Looking for a more meaty read than the usual? Try Anthem. This novel lays the groundwork for her better-known works and presents a powerful story, likable hero, and ultimately triumphant message in a compact 85 pages.

P.S. As I am sure all of you know, Thanksgiving is tomorrow. For starters, that means that I am posting this from the comfort of home on my own dainty little laptop and not fighting my savage classmates for a computer (I swear, our school library is like a scene from Lord of the Flies, just without the cool face paint.) *cough* Anyway, I would like to wish all of you a Happy Thanksgiving. I want all of you to eat until you EXPLODE! Wait! If you do that, you can't come back next week to talk about books with me. I don't want all of my readers to kill themselves with gluttony. So maybe just eat all you can hold. And pass me a piece of pumpkin pie while you're at it. Well, I was hoping for a bigger piece, but thank you. *sprints away with an abundance of pie*


Next Week: I should wrap up my Zella Kate Presents: The Medieval/Renaissance series with *drum roll* Hamlet! I am a huge Shakespeare fan, and Hamlet is probably my favorite Shakespearean play. I cannot wait to review it! Don't fear, if you're not fan of Billy, I will offer some tips that, even if they don't help you love Shakespeare, will help you understand and appreciate his work.


  1. This is so weird. I always say to myself, "Hmmm. I havn't checked on Zella's blog lately. I hope she has a new post up!" and then come here to find you posted only an hour ago!

    Anyhoo... I've read Anthem. I thought it was really interesting! The ending was bizarre.

    I love pie too! Pumpkin is fine, but I like apple better. And peach! Yay for Thanksgiving!

    Nice blog!

  2. Here's your pie.
    I have a friend who's crazy about Ayn Rand. I'll have to ask her about this. :D Thanks!
    Can't wait for Hamlet! I love it. :D

  3. Laura, Thanks! Yes, I thought Anthem was quite interesting - I've ever read anything quite like it.

    I love peach and apple pie too. Pecan pie is excellent too. Now I have made myself hungry. ^^

    Scott, Thanks for the pie. :D My cousin is a huge Ayn Rand fan too. This will probably be our topic of discussion tomorrow.

  4. "And pass me a piece of pumpkin pie while you're at it. Well, I was hoping for a bigger piece, but thank you. *sprints away with an abundance of pie*" LOL oh my word, I can see it! Trench coat, hat pulled low, pie tucked tightly against you as you scurry away into the night to eat pie. : D This book is now in my library waiting list...which is growing longer to my amusement. Btw, pumpkin pie is amazing, as is apple but still. Thanks for the review!

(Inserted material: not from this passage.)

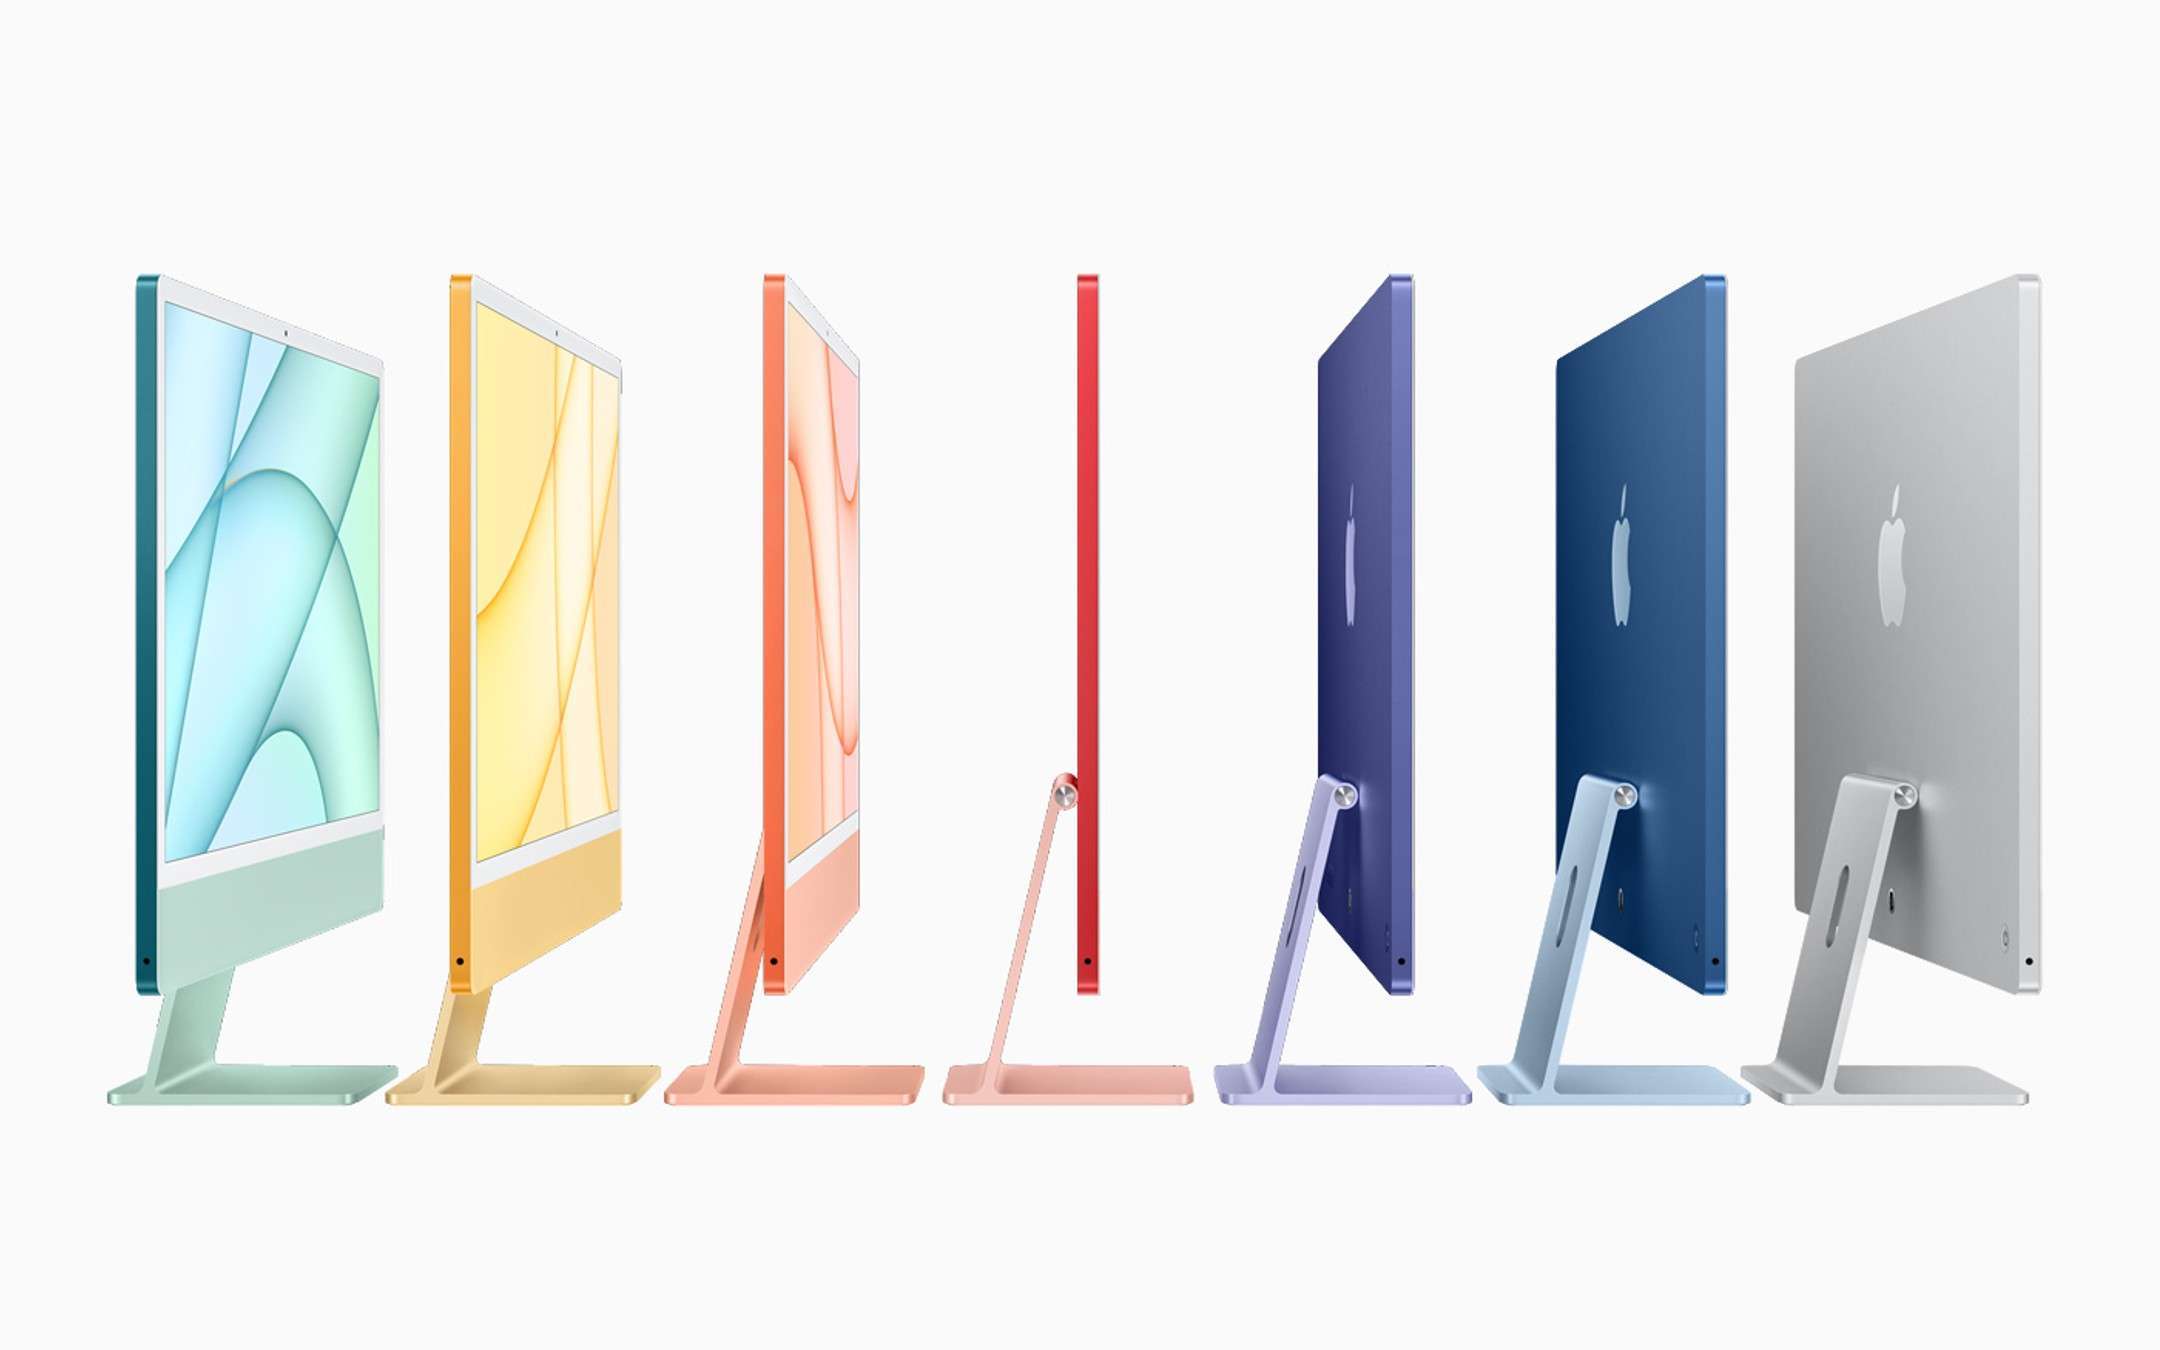 Arrivano i nuovi iMac: non sottovalutare il colore

  5. Rebecca, your image of me in the trench coat made me LOL! I am still giggling as I type. :D

    You're welcome! I hope you enjoy it! Let me know what you think of Anthem. :)

  6. OMGGGG....

    I am late but this was a great post!!! I thank you profusely for the nice mention.
    And I am glad to help you anytime in your literary pursuits. :)

    Yes, the last chapter is perhaps the greatest deviation (and the one I least liked), and I also don't necessarily agree with all of Rand's ideologies, but the audacity of her writing talent simply cannot be denied.
    The book just caught me at the first sentence, "It is a sin to write this," and I have been hooked ever since.

  7. Math is a Plentiful Harvest, you're welcome! Thanks for recommending it. I loved it! (Although I agree the final chapter was probably my least-favorite part. It was very interesting though.)

    That first line is what hooked me too! The plural "we" was a narration technique that I really enjoyed as well.